My main concern about our exchange is that it has been far too abstract and academic. It is important to imagine what the world would be like if our country lived without judicial review as you suggest. Consider a few examples of eliminating judicial review you urge, Mark:
*No court could keep the President and the Executive branch from detaining individuals indefinitely as enemy combatants without due process.
*The courts could not have forced Richard Nixon to turnover the Watergate tapes.
*No court could invalidate a state law that discriminates against goods and services from other states.
*There would be no judicial protection of rights such as the right to marry, to procreate, to custody of one's children, to control the upbringing of one's children, to purchase and use contraceptives, to abortion, to private consensual homosexual activity. No limit would exist on legislatures in these areas.
*States could administer the death penalty however they wanted, including a mandatory death penalty, and the death penalty for the mentally retarded and for crimes committed by juveniles.
*Laws discriminating against racial minorities, against women, against non-citizens, and against gays and lesbians could not be invalidated by the courts,
*School prayer, even mandatory school prayer, would be allowed if legislatures wanted (and many would). Government could put religious symbols on government property at will. No limit would exist on aid to parochial schools.
*There would be no judicial protection of freedom of speech.

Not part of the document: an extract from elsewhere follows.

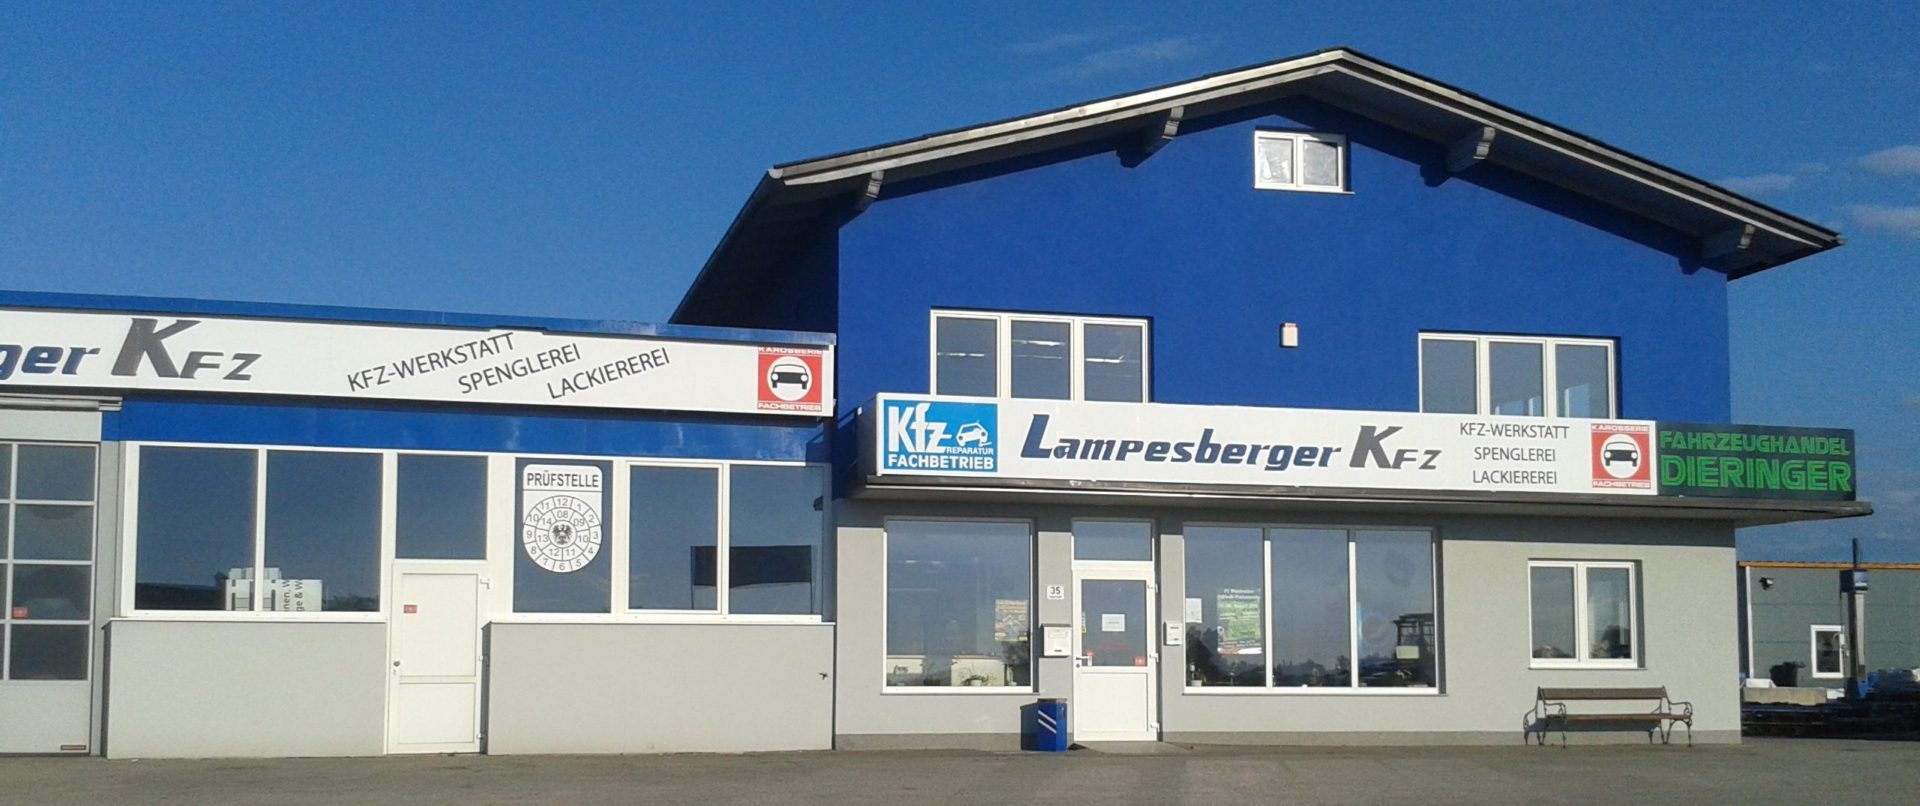 Lampesberger Kfz
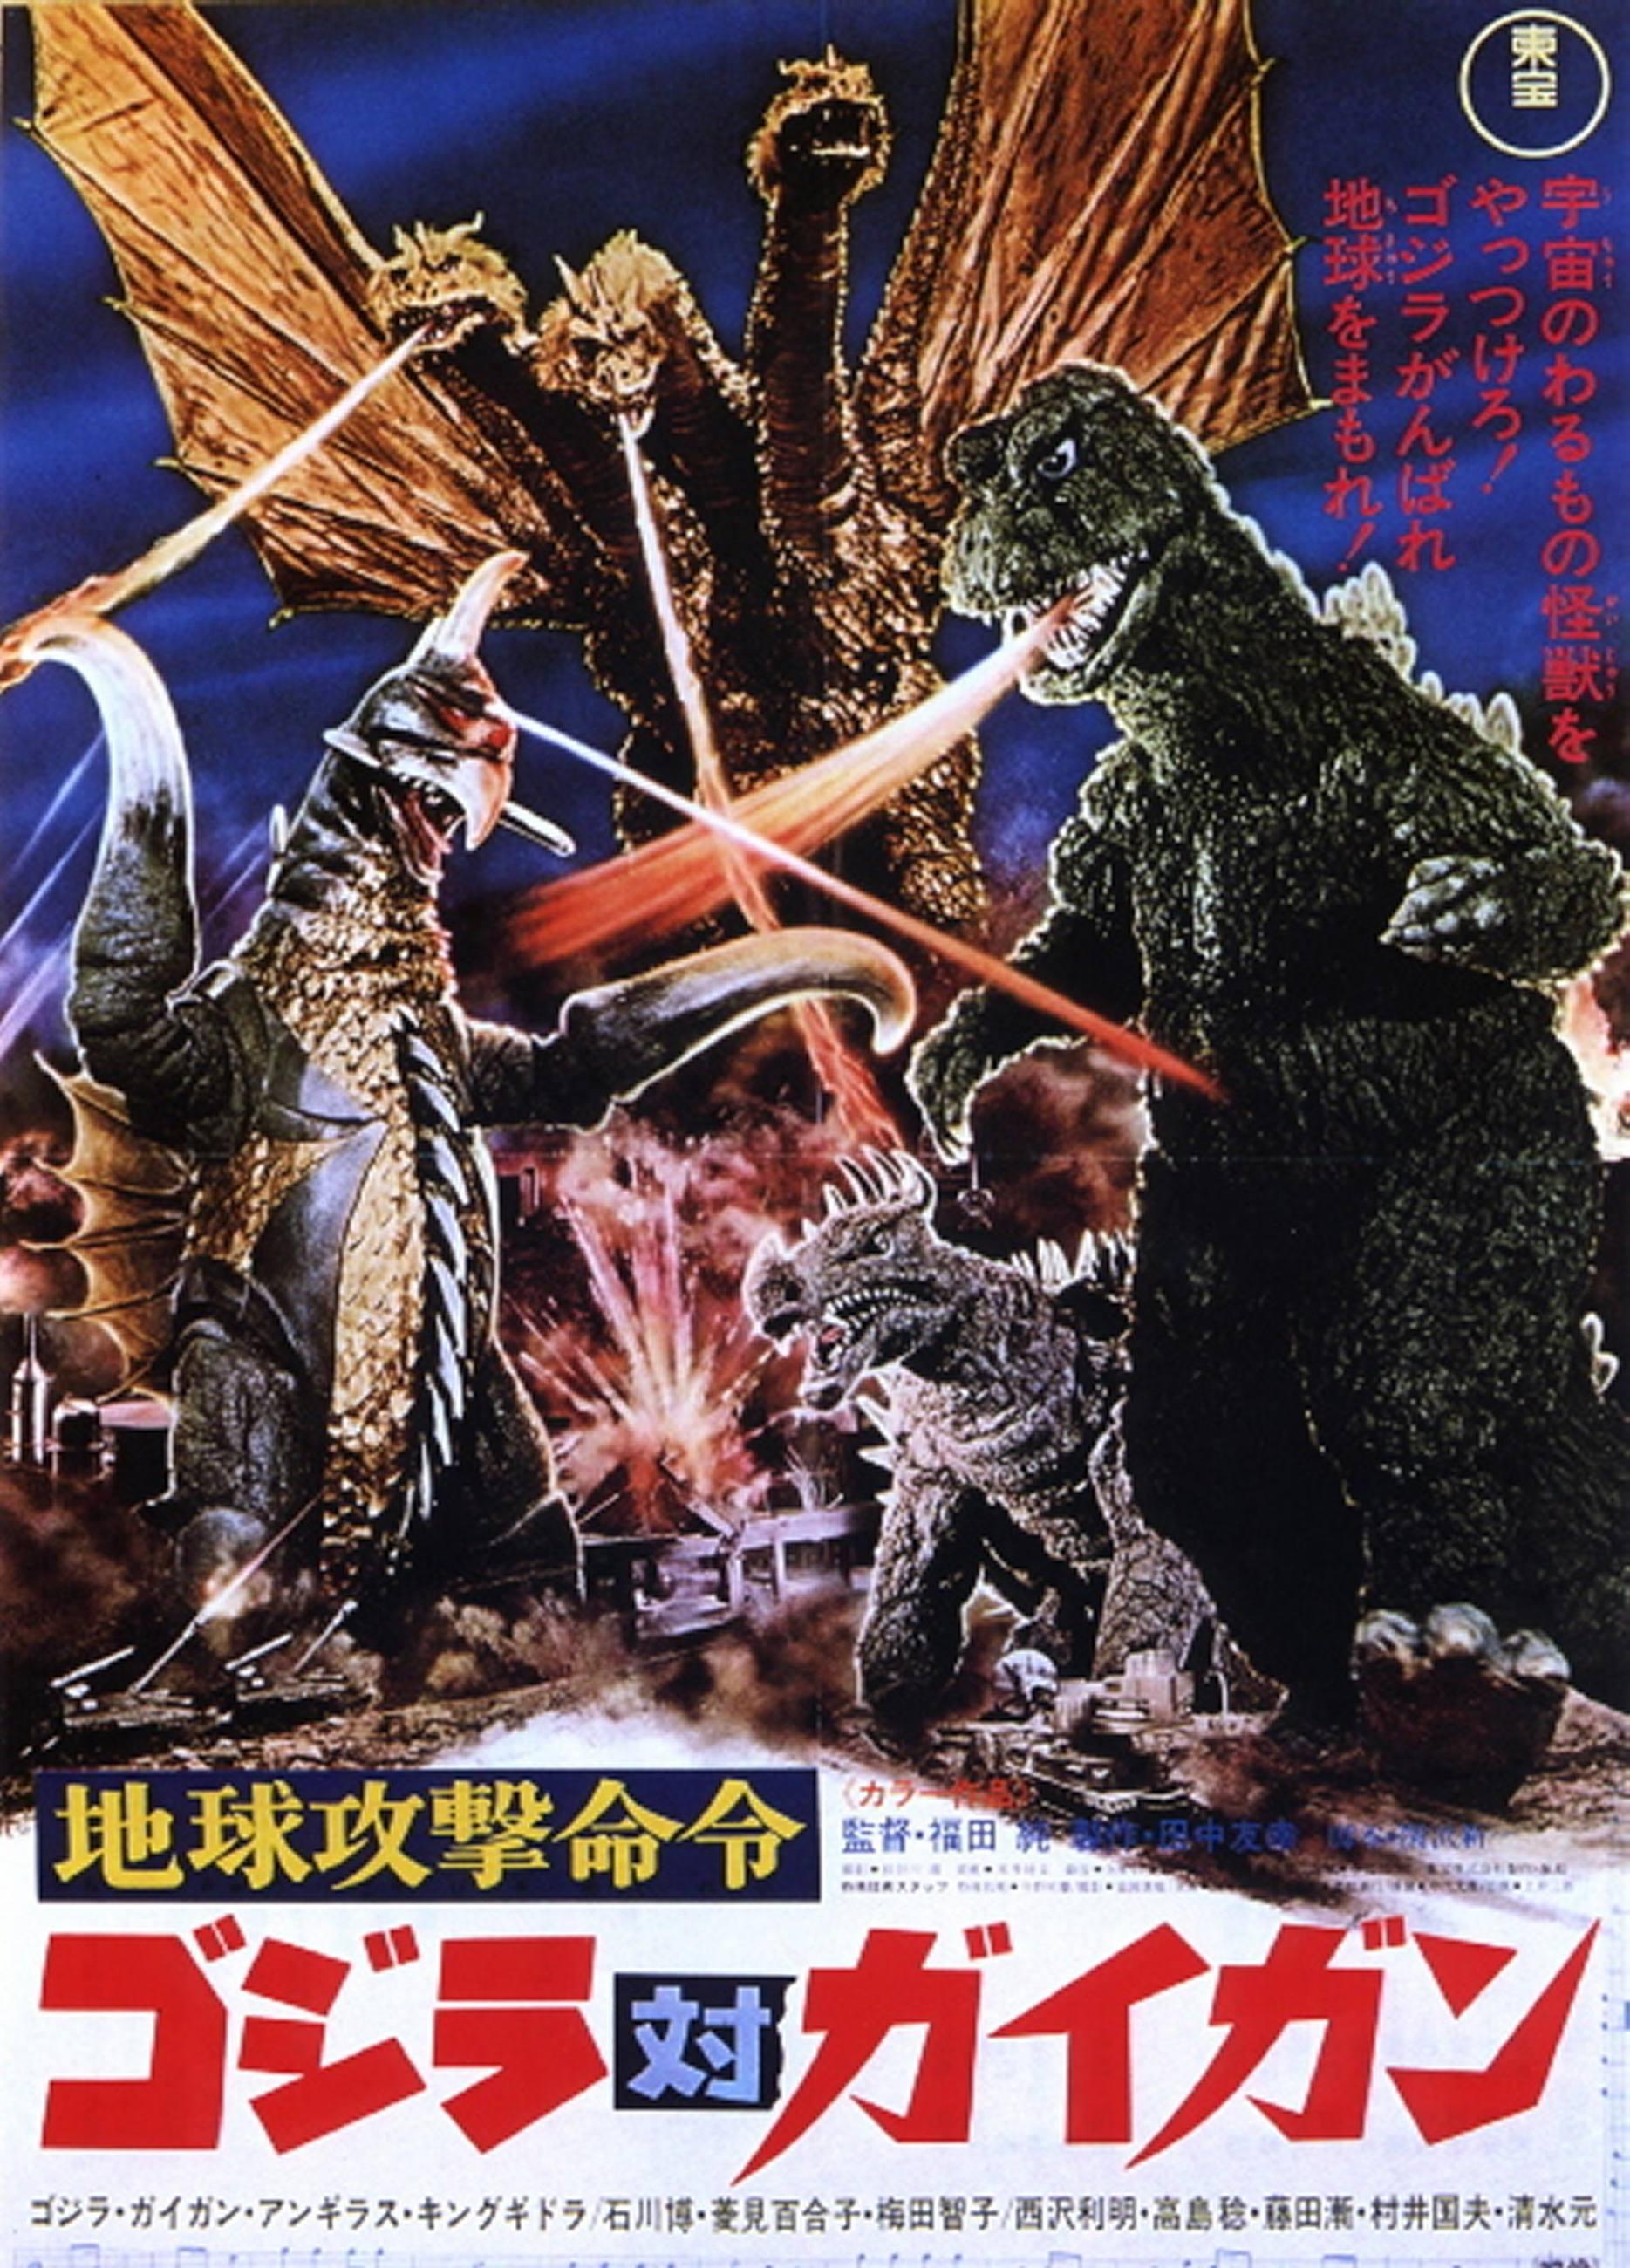 Godzilla vs. Gigan (1972) movie poster

These are just a few examples of a world without judicial review. Mark, you make several responses. First, without judicial review, the legislative process would do a better job of protecting rights. But why believe this; why not believe that without judicial review and the possibility of invalidation, the legislative process would do even worse?

Second, there is no reason to prefer the choices of the courts over those of the legislature. You say that where there is a dispute over the meaning of the Constitution it cannot be said that one choice is better than another. But I think he still misses my key point: The issue is when there is a dispute, who should decide the meaning. Should we have choices about the rights of minorities made by the majority or by an institution committed to upholding the Constitution? Moreover, I believe in each of these examples, and countless more, I can defend that the results from the courts would be preferable to that of the political process.

You says, "[I] still am waiting for an explanation of why the reasons that judges can find persuasive are somehow unavailable to ordinary citizens." The reasons, of course, are available to both courts and the public. But courts are more likely to heed those reasons and protect constitutional rights. Their role is defined as enforcing the Constitution; that is not the preeminent role or orientation of the political process. The judicial process is responsive to minorities in a way that the political process never can or will be; courts must hear the claims of a single person, legislatures don't have to. The process of written opinions elaborating constitutional values provides for a development of constitutional law that would be lost with just the political process.

Over 200 years ago, in Marbury v. Madison, Chief Justice John Marshall explained that the limits of the Constitution would be meaningless without judicial enforcement. The entire course of American history confirms this.

I conclude as I began this exchange. As a lawyer who represents unpopular individuals—a challenger to a Ten Commandments display, a condemned man on death row, a prisoner who was raped, a man sentenced to 50 years to life for stealing $153 worth of videotapes—it is chilling to me to think of eliminating judicial review and leaving their protection to the political process. It is easy as an academic matter to proclaim trust in the people, but in the real world, for unpopular minorities it is often the courts or nothing.